No. 8775 proposes a compound having a quaternary ammonium base at both ends. However, all of these polysiloxane intermediates have complicated production processes and are expensive, and have poor adhesion to various fibers because the groups bonded to silicon atoms are quaternary ammonium bases and alkyl groups. There was a disadvantage.

Further, as antifouling paints for hulls and fishing nets, 4
Although the use of trimethoxysilane containing a quaternary ammonium salt is disclosed in JP-A-6-179603, problems such as environmental pollution, lack of safety, and economic problems due to handling with a methanol solution still remain. Was. An organopolysiloxane-based underwater antifouling agent containing a quaternary ammonium salt and a polyether group is disclosed in
No. 3,306,687, the production method of this organopolysiloxane is complicated and the synthesis route is long,
Economic advantages are small.

An object of the present invention is to provide a product which solves the above-mentioned problems of the conventional underwater antifouling agent. That is, it does not contain toxic substances such as organotin and cuprous oxide, and therefore, is excellent in safety to human body and aquatic animals and plants, is environmentally friendly, and has excellent adhesion and persistence to the object to be treated, and therefore, antifouling. The effect is highly durable.Especially when applied to seawater, such as the draft of ships, the lower part of the sea surface of marine structures, the water pipes and conduits of power plants, and the surface of fish nets, it prevents the adhesion of underwater organisms. It is an object of the present invention to provide an underwater antifouling paint composition which is effective for water.

[0006]

That is, the present invention provides a liquid crystal display device comprising at least one unit represented by the following general formula (1):
An underwater antifouling coating composition comprising a quaternary ammonium salt-containing organopolysiloxane and a binder resin.

Embedded image (Wherein R ¹ is a hydrogen atom or a substituted or unsubstituted monovalent organic group having 1 to 10 carbon atoms, R ² is a monovalent organic group containing at least one quaternary ammonium salt, and R ³ is R ¹ Alternatively, a group represented by OR ¹ and p represents a positive number of 5 ≦ p ≦ 500.) According to a second aspect of the present invention, the terminal of the quaternary ammonium salt-containing organopolysiloxane is represented by the following general formula (2): The underwater antifouling paint composition according to claim 1, which is represented by a structure.

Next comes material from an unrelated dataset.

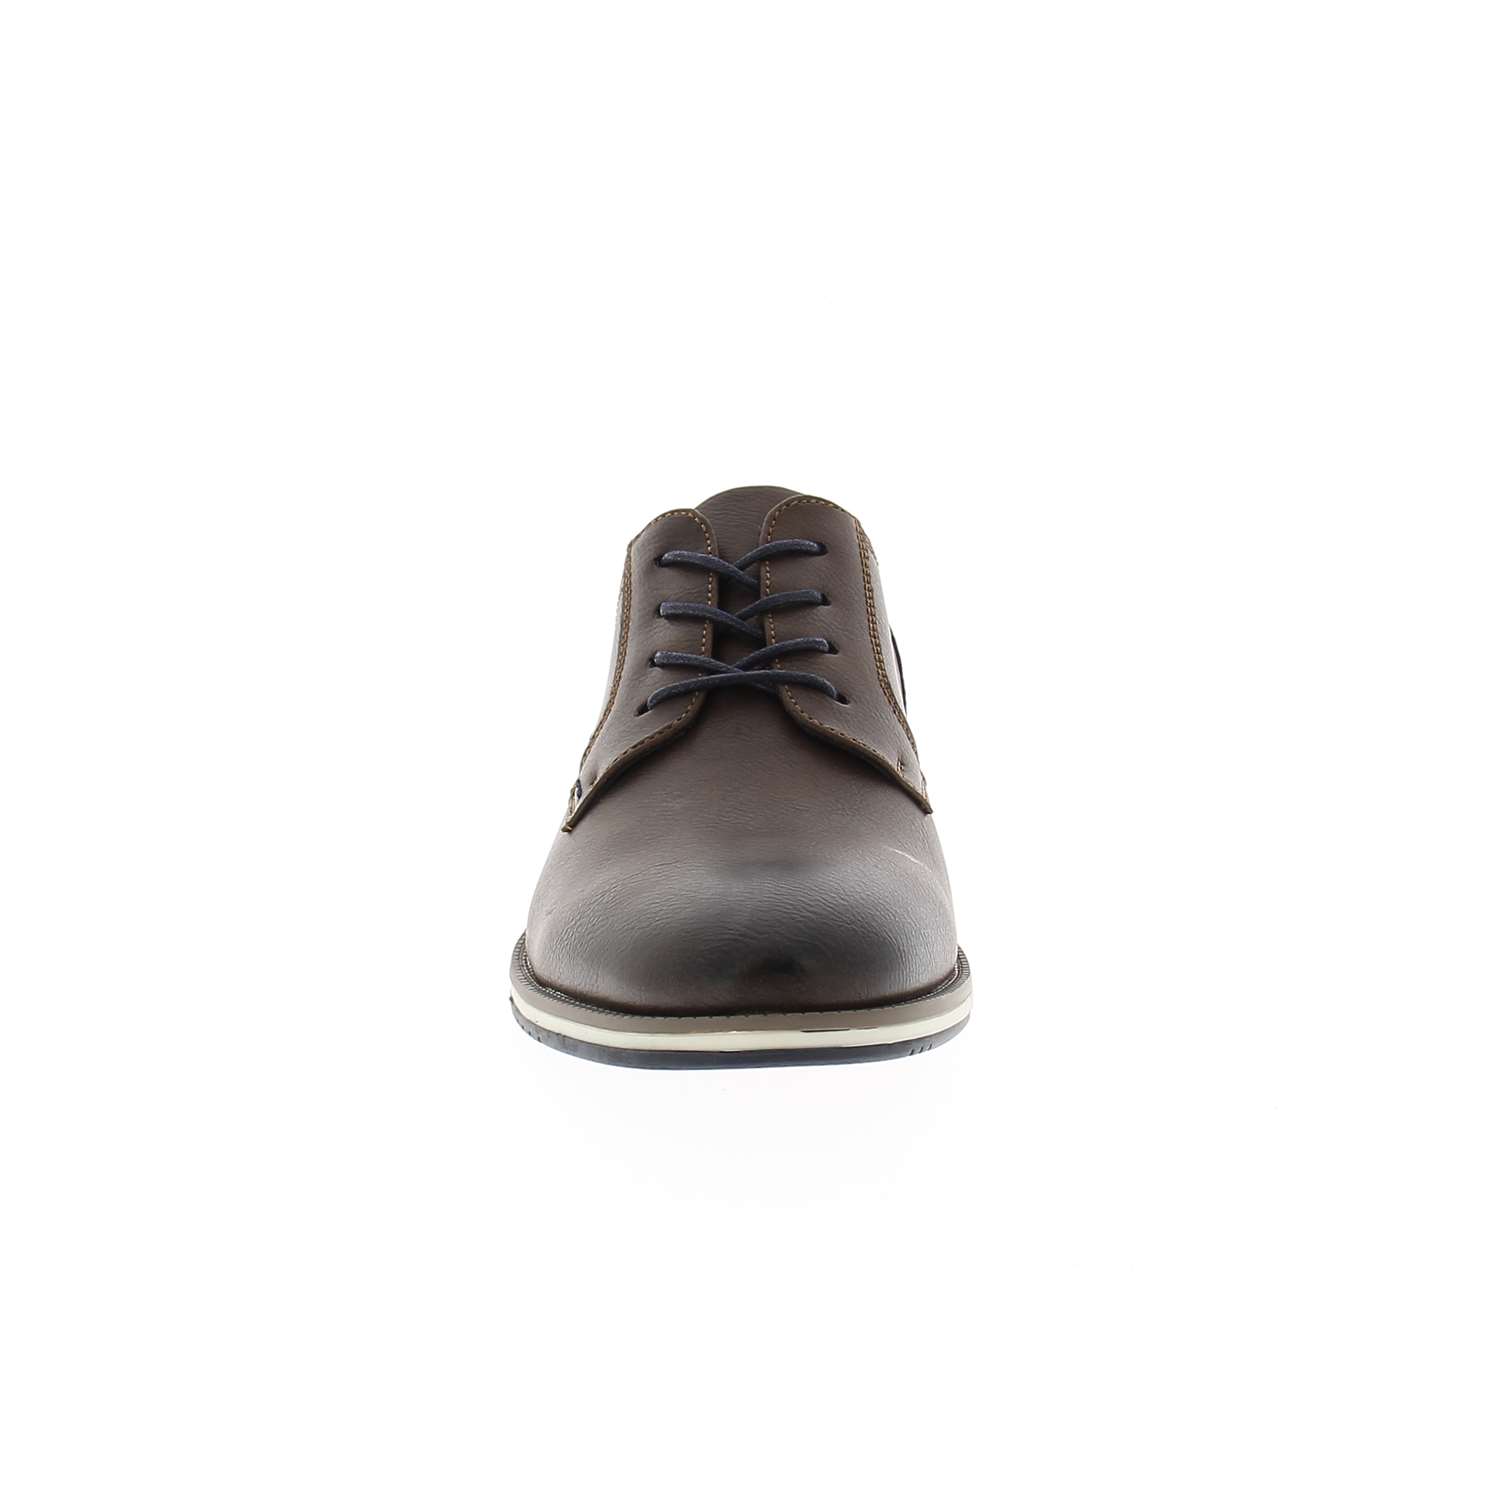 03 - KERPOIN     - XAPI - Chaussures à lacets - Textile

Embedded image (Here, R ¹ , R ² , R ³ , and p are the same as described above.) In the third invention of the present invention, R ² is represented by the general formula (3): —CH ₂ CH ₂ CH ₂ N ⁺ R ⁴ R ⁵ R ⁶ Cl ⁻ (3) (where R ⁴ and R ⁵ represent the same or different monovalent hydrocarbon groups having 1 to 3 carbon atoms, and R ⁶ represents a monovalent hydrocarbon group having 1 to 30 carbon atoms) a monovalent water antifouling paint composition according to claim 1 or 2, wherein an organic group represented, the fourth invention R ² is the compounds of general formula _{(4) -CH 2 CH 2 CH} 2 N + _{(CH 3) 2 C n H} 2n + 1 Cl - (4) (n represents a positive number of 12 to 24) a monovalent water antifouling coating composition according to claim 3, wherein an organic group represented by is there.

[0007]

BEST MODE FOR CARRYING OUT THE INVENTION Hereinafter, the present invention will be described in detail. In the present invention, R ¹ of the quaternary ammonium salt-containing organopolysiloxane containing at least one unit represented by the structure of the general formula (1) is a hydrogen atom or a substituted or unsubstituted monovalent organic compound having 1 to 10 carbon atoms. Alkyl group such as methyl group, ethyl group, propyl group, butyl group, pentyl group, hexyl group, octyl group, nonyl group and decyl group; alkenyl group such as vinyl, allyl, propenyl, butenyl and hexenyl; Aralkyl groups such as benzyl, phenylethyl and phenylpropyl; cycloalkyl groups such as cyclopentyl and cyclohexyl; or some or all of the hydrogen atoms bonded to these carbon atoms are substituted with halogen atoms Chloromethyl group, trifluoropropyl group, chlorophenyl group, etc. Halogenated alkyl group,
Examples include a halogenated aryl group such as a halogenated phenyl group. Further, as the organic group for R ¹ , a part of the hydrogen atoms bonded to these carbon atoms may be substituted with a nitrogen atom-containing monovalent organic group such as an amino group or an alkylamino group. Among them, particularly, 90 of R ¹
Preferably, at least mol% is a methyl group, a phenyl group, or a trifluoropropyl group. Industrially, it is more preferred that 90 mol% or more is a methyl group.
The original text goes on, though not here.